What you've heard about gravel and hygiene may have been about the cycle. In smaller tanks the cycle isn't as important because you need to do frequent water changes no matter what, but in 5+ gallon thanks, cycling, or establishing a colony of beneficial ammonia-consuming bacteria, can help keep your tank's parameters stable and you won't have to do water changes as frequently. You need a filter to cycle your tank-it gives the bacteria a place to flourish-and having gravel or sand will give your tank another place for those bacteria to breed. If you do opt for gravel you can use a gravel vacuum to siphon the water out during a change. If you go for a bare bottom tank you can probably just siphon it out with airline tubing.
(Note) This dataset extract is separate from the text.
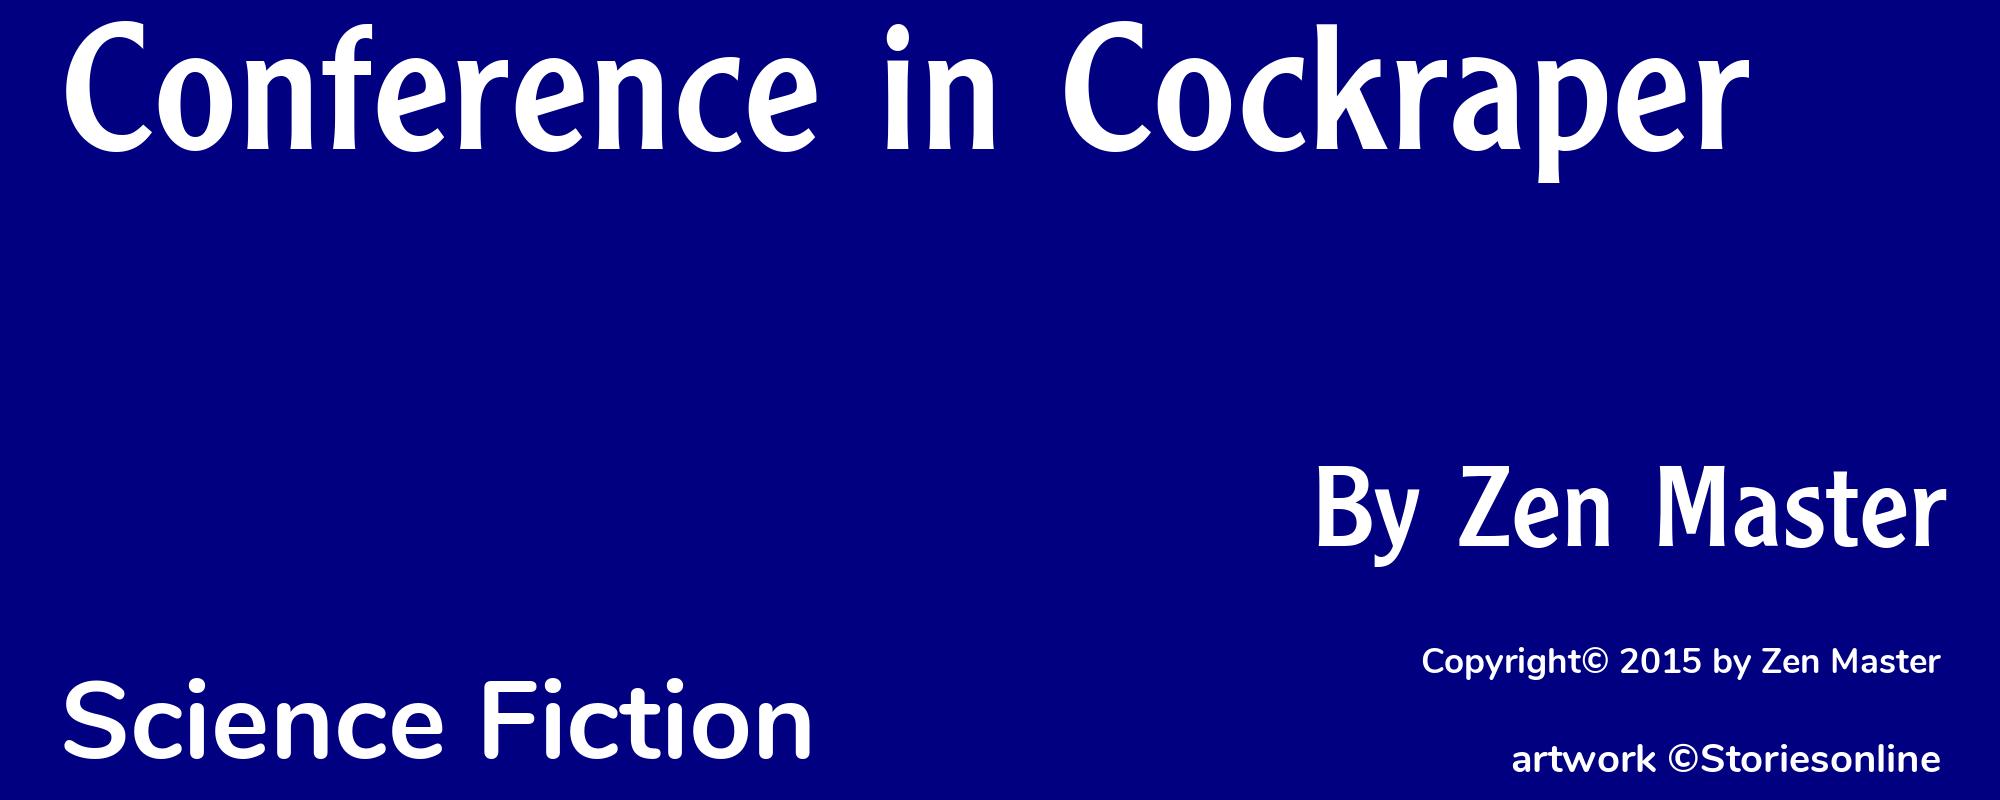 Conference in Cockraper - Cover

Either way it's much easier than dumping it all out !


----------



## skywillig (Feb 26, 2011)

@LolaQuigs
So in a 5 gallon (which is my terrarium) I need a filter? Or can I go without a filter? Is it possible to turn this into a permanent home for my betta?
I have a picture of the think filled up with 20L of water.


----------



## LolaQuigs (Mar 28, 2010)

You mentioned that the reason you couldn't get a tank is because of the cost, so I assume you don't have a bunch of money lying around for a filter. An unfiltered 5 gallon is fine, but once you do have some cash on hand it would definitely be worthwhile to invest in one. Without a filter I would say you'd need twice weekly water changes--one 50% and one 100%. If you do get a filter, keep up that schedule for at least a month while your tank cycles. Once it is cycled you can get by with one 50% water change per week.

The size of that tank is perfect for a betta! I'm glad to see it holds water nicely. My only concern would be that he might have a hard time coming up for air. I can't tell from that angle, how far do the different levels stick out? If he was at the very front of the tank and swam straight up, would he hit his head on any of the platforms, or would he reach the surface without a problem? 
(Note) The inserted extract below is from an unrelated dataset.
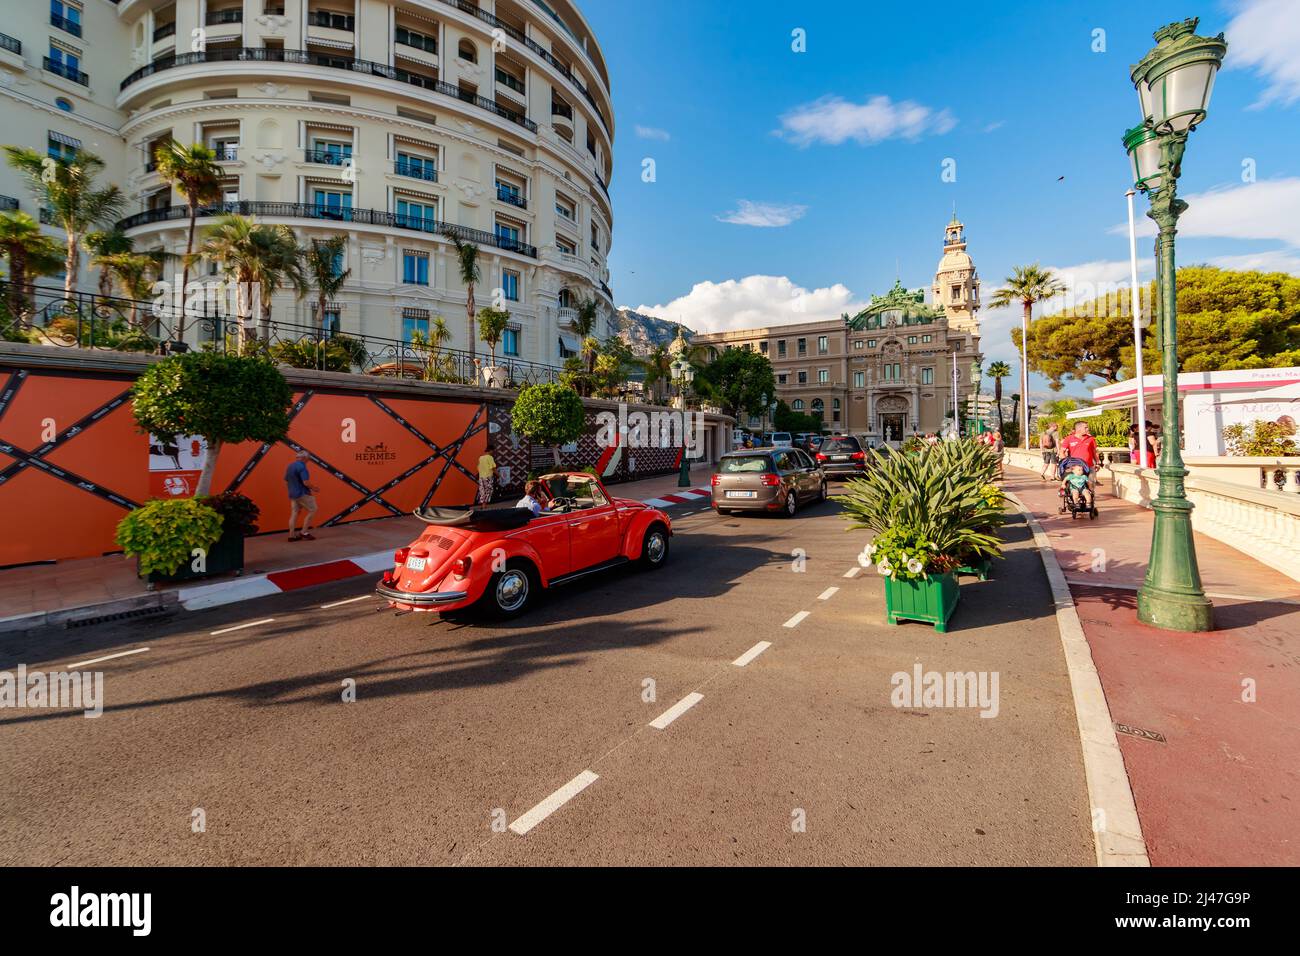 Monaco, Monte-Carlo, 21 août 2017 : les touristes et les riches visitent des boutiques de marque près de l'hôtel Paris et du Casino Monte-Carlo au coucher du soleil, vintage Banque D'Images

Since it is clear glass, he might get trapped under a level, thinking he's at the top when he's really not. I would put some dark gravel or marbles on each level so he can tell the difference between the glass platforms and the actual surface of the water...if that makes sense lol. Then moniter him closely and make sure that he is definitely able to find his way to the top without any trouble.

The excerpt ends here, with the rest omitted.